El sonido potente de los instrumentos de viento y de percusión fue un elemento fundamental de las batallas en épocas pasadas. El ritmo incesante de los tambores incitaba al paso constante de los soldados. En el fragor de la batalla, los toques emitidos por los potentes instrumentos de viento, permitían transmitir órdenes imposibles de ser comunicadas de otra manera. Los ejemplos en la literatura son numerosos. La Biblia cuenta como las murallas de Jericó se derrumbaron al sonido prolongado de las trompetas de cuernos de carnero. En La Eneida , escrita en el siglo I a.

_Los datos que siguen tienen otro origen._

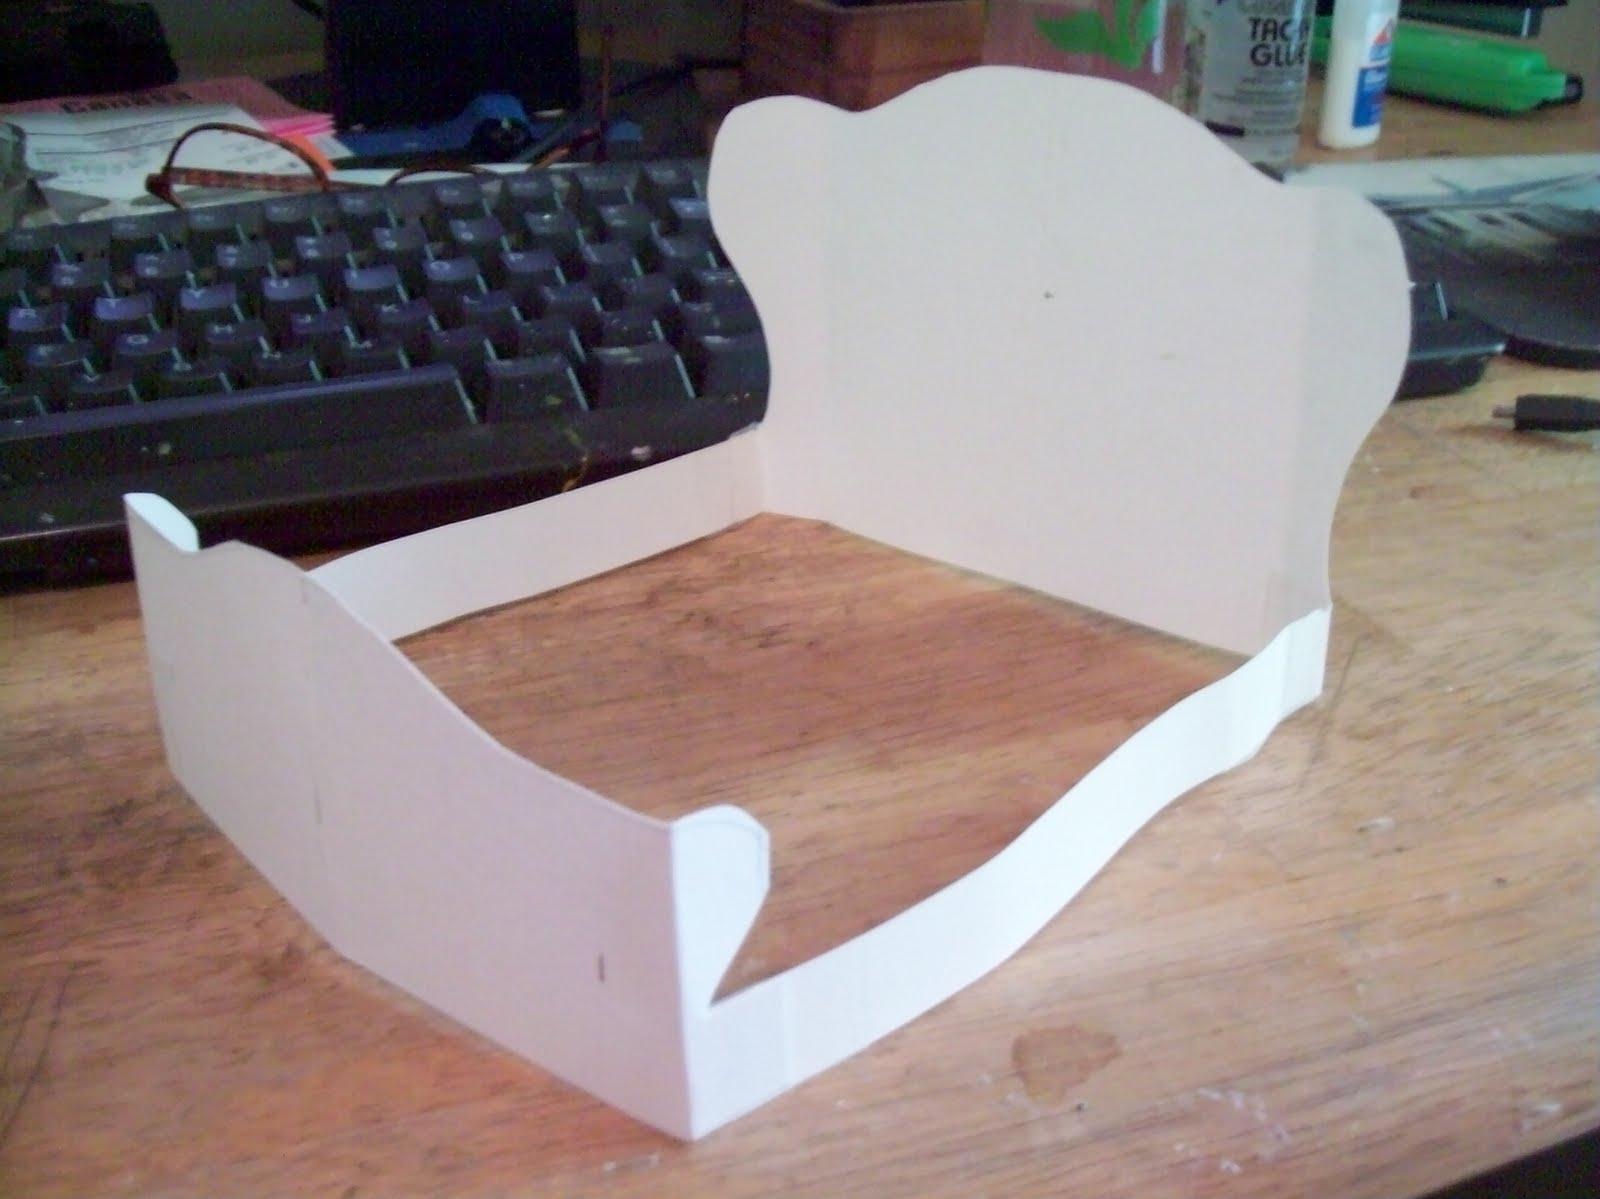 http://2.bp.blogspot.com/_MxifV0TXGqc/THExX8a7xTI/AAAAAAAAEXM/1_PoCBhYxL0/s1600/paper+bed+003.jpg

C., el toque de las trompetas da inicio a la batalla. En El cantar de Roldán , poema épico francés del siglo XI, uno de los personajes le pide al héroe “tañer el olifante” (instrumento construido con el colmillo de los elefantes), para pedir socorro a las tropas amigas. Y las crónicas del soldado Bernal Díaz del Castillo, quien acompañó a Hernán Cortés en la conquista de México, muestran que los indígenas también utilizaron trompetas, caracoles y tambores para rechazar y asustar al enemigo.
Las pinturas de escenas guerreras, de la época medieval al siglo XIX, son otra manera de conocer las pequeñas agrupaciones musicales que acompañaban a los ejércitos. Uno de los cuadros que muestra esto es la famosa Ronda de la noche, del pintor holandés Rembrandt. Entre los soldados sobresalen arcabuces, lanzas y banderas, y destaca, al lado derecho, la figura del tamborcillo en pleno redoble.
En el siglo XX, el avance tecnológico de las comunicaciones y del armamento militar hizo innecesaria la presencia de músicos en la batalla. La bandas militares quedaron para dar brillo al ceremonial. Sin embargo, en la Segunda Guerra Mundial hay quizás un último ejemplo de motivación musical. Se trata de Bill Piper Millin, gaitero, quien desembarcó en Normandía junto a las tropas inglesas.